A male perspective on the plight of women, presumptuous as that may seem
IT IS difficult and might even be presumptuous for a man to write about the injuries women suffer in our societies and institutions in both overt and covert forms.
The attempt to live with communal interpathy, empathy and sympathy assists us on this journey.
Interpathy implies that groups who are historically and currently still estranged from each other learn to think and feel themselves into each other’s shoes.
Empathy implies that individuals and groups develop the capacity to feel ourselves into the shoes of the other, to live in the other’s skin, to stand in the other’s shoes, to attempt to look at the world through the eyes of the other.
Sympathy means that we feel with each other, that where a person suffers, we suffer with them, that they are honoured, we celebrate with them.
Communal interpathy, empathy and sympathy pave the way for solidarity in struggle. Worldwide, and especially on International Women’s Day today, the plea is therefore made that injustices, like the injustice of patriarchy, is opposed through partnerships and solidarity between men and women, and through partnerships and solidarity among all genders and sexual orientations.

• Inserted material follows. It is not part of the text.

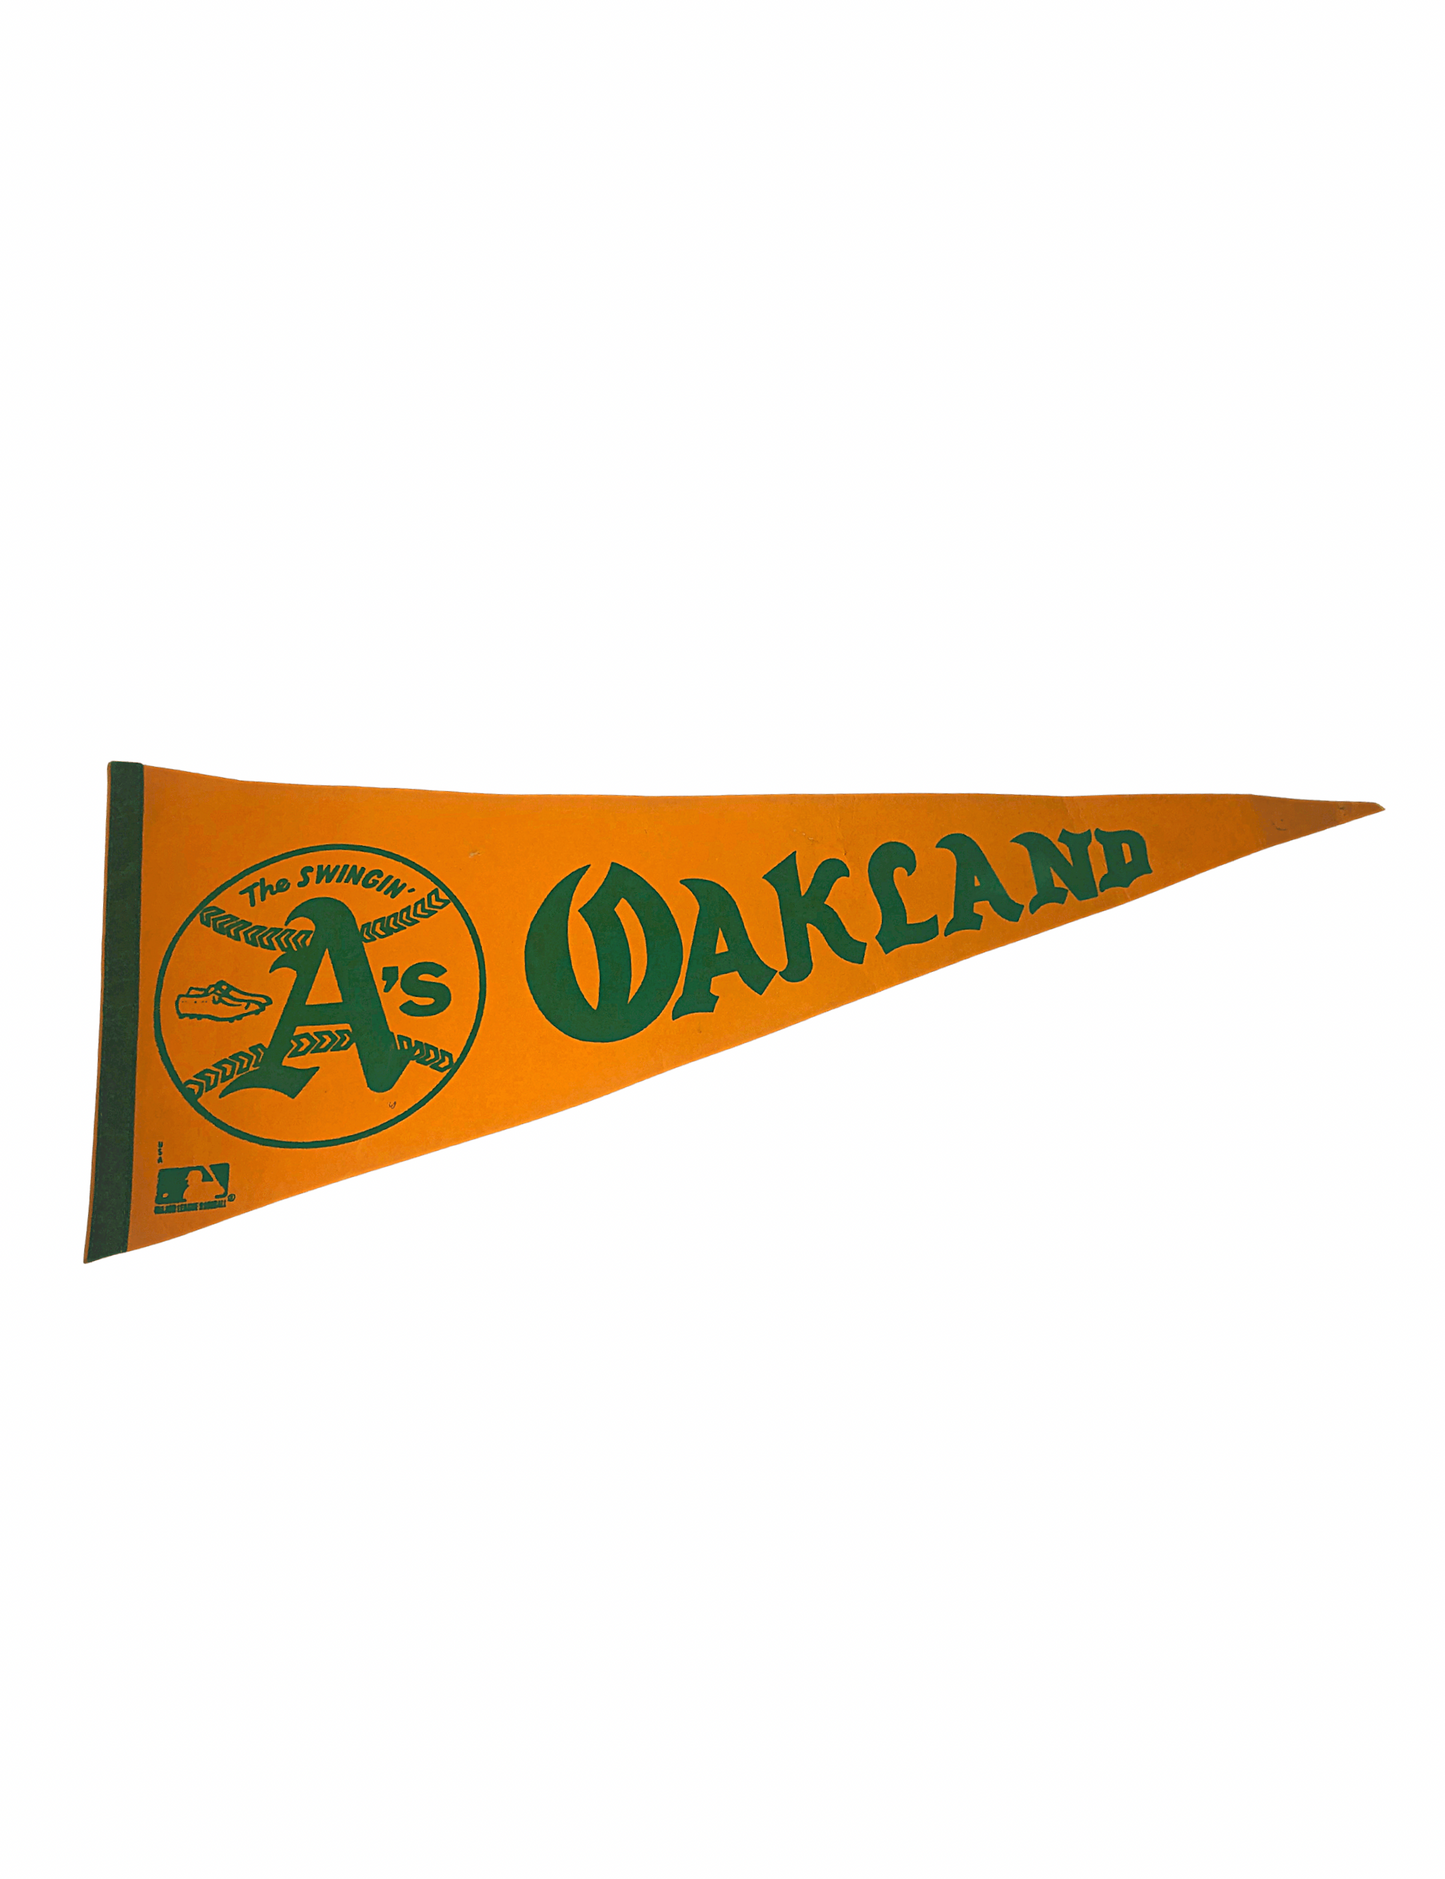 1970’s Oakland A’s Baseball Felt Pennant 30” x 12”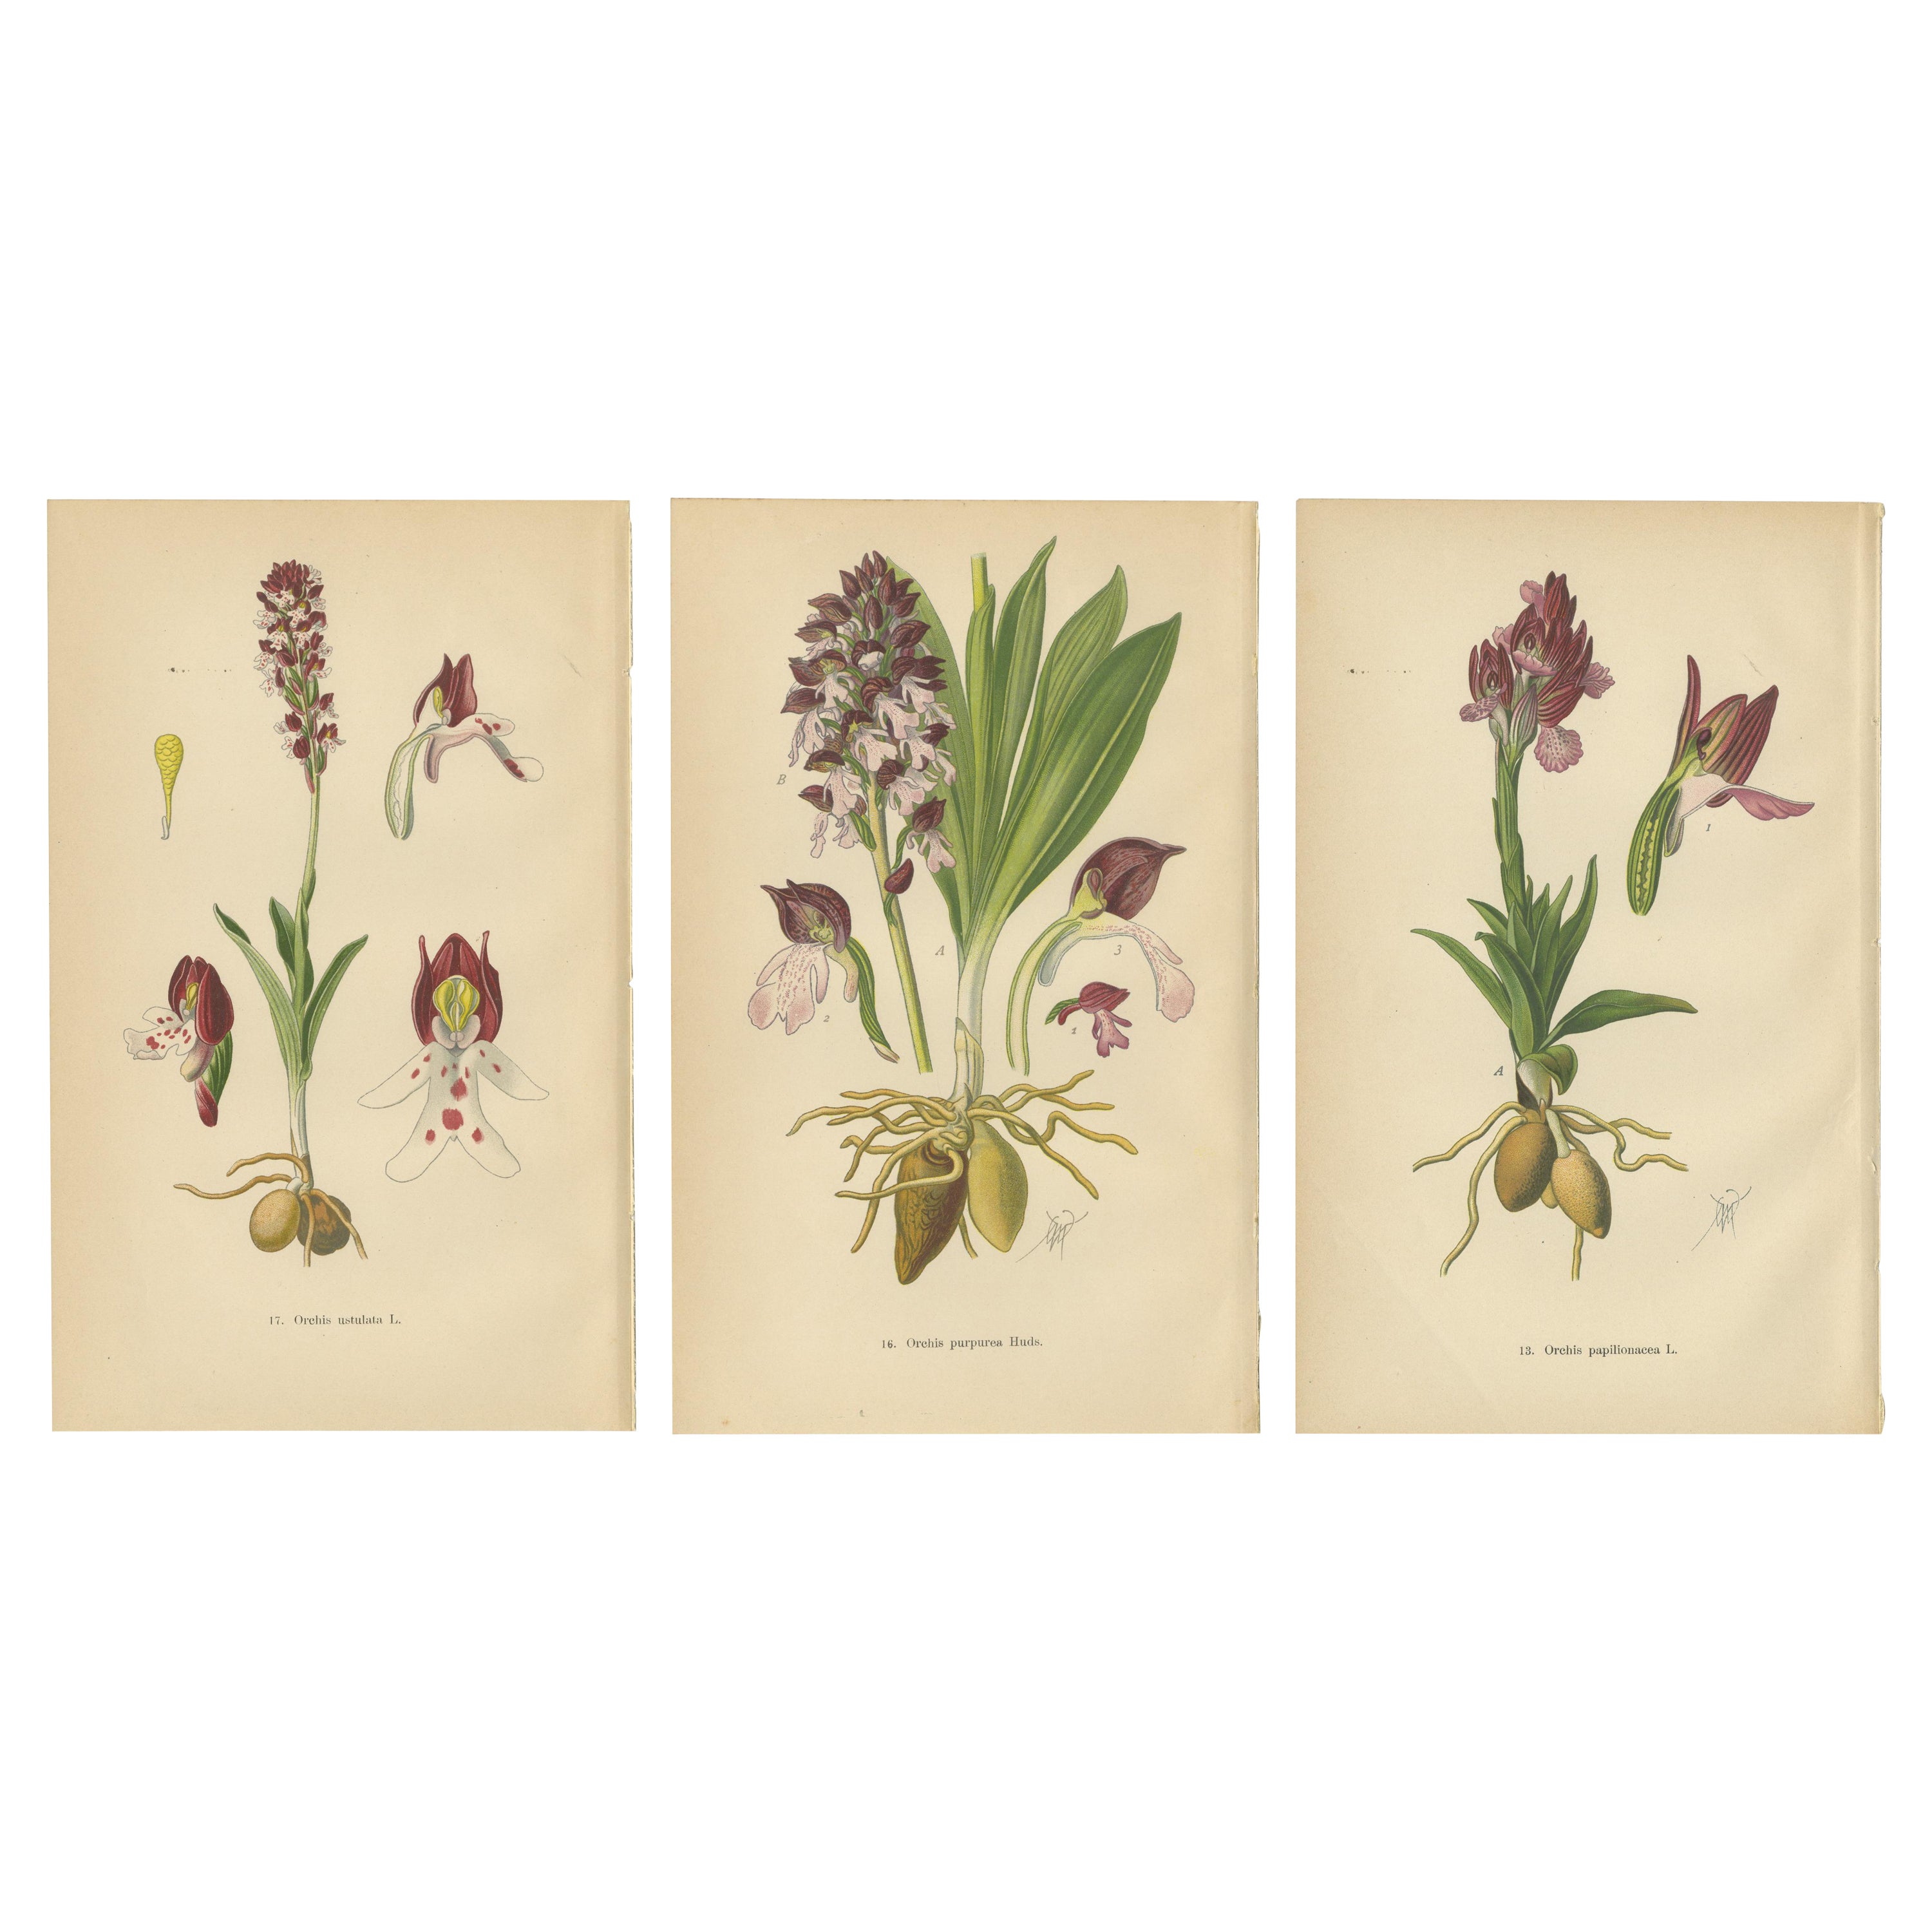 Ephemeral Elegance: Orchids of 1904 in Müller's Illustrations For Sale

In these partnerships communal interpathy, empathy, sympathy and solidarity develop.
As a man, I humbly, vulnerably and fully aware of an inadequate understanding, attempt to write about gender injustices because of a second reason: namely, the interdependence, interwovenness and intersectionality of all forms of injustice.
Racism, classism, sexism, homophobia, xenophobia, and discrimination in terms of factors like age and disability (differently-abledness) are all interwoven. They impact upon each other. They nurture each other and also shed light upon each other. Experiences of racism, for instance, shed some, albeit not complete, light on experiences of sexism.
Like racism, sexism is expressed in both overt and covert forms. Overt sexism is more easily recognised, and is addressed with different levels of success through various measures, policies, protocols, procedures, plans, programmes and practices.
Covert sexism is harder to recognise. It functions on sub-conscious levels, and is expressed in subtle forms. It takes attention-paying to recognise and expose these forms of injustice and injury.
Women also experience the injustice and injury that resides in language. Male language still dominates and gender-exclusive language still exists.
Words that hurt are still in use. Words make worlds; through sexist words and languages we still maintain and freshly construct a world of sexism and patriarchy.
We, for instance, use the diminutive so often with regard to women, not to express kindness and love, but to inferiorise and to patronise.
This we do with good intentions. We are not even aware that our use of the word might reflect the deeper, hidden, subconscious prejudice that women are weak and that they need the protection of males.
Some women, for instance, refer to the prejudice that might reside in the word “lady”. Although we use the word explicitly to express respect, it might hide the prejudice and manipulation that women must act in a certain “lady-like” way, which we do not expect from men.
Our body language might also express our subtle and hidden sexism. When men contribute to a discussion, our body position, attentive faces and high levels of eye contact show how attentively we listen. When women speak, this body language is often the opposite.
The body language of inattentiveness when women speak might express our subconscious prejudice that women are intellectually inferior, that they are too emotional and not rational enough, and that we, therefore, should not expect a substantial intellectual contribution from women.
The negative emotions that assertive women evoke among many men and even some women also reflect the subconscious prejudice that women are supposed to behave in a submissive manner. Assertiveness and authoritative conduct is expected from men, but not from women.
These prejudices that underlie small, seemingly innocent behaviours betray and perpetuate prejudices of male superiority and female inferiority. These subtle and subconscious prejudices are powerful.
They influence the behaviour of some women and men, and impact negatively on the development and implementation of structural measures to overcome sexism.
To be included in a male-dominated world, women are consistently under pressure to allow themselves to be simply assimilated into this male world, to yield to accommodation, co-option and conformation – to become like them in order to be included and to make progress.
Women are also under pressure to behave in line with sexist prejudices, and therefore to avoid assertive conduct and the full taking up of co-ownership.
Subtle and subconscious sexist prejudices also impact negatively on the structural measures we develop to overcome sexism.
Our polices are often still contaminated with sexist prejudices. Moreover, where progressive measures are in place to overcome sexism, the subconscious sexist prejudices hinder the appropriate implementation of these measures.
The formation of partnerships of interpathy, empathy, sympathy and solidarity between men and women, and among people of all sexual orientations is one crucial mechanism to jointly conscientise each other about both overt and covert sexism, to jointly organise against it, and to jointly mobilise all our resources against it.
Koopman is Vice-Rector for Social Impact, Transformation and Personnel at Stellenbosch University.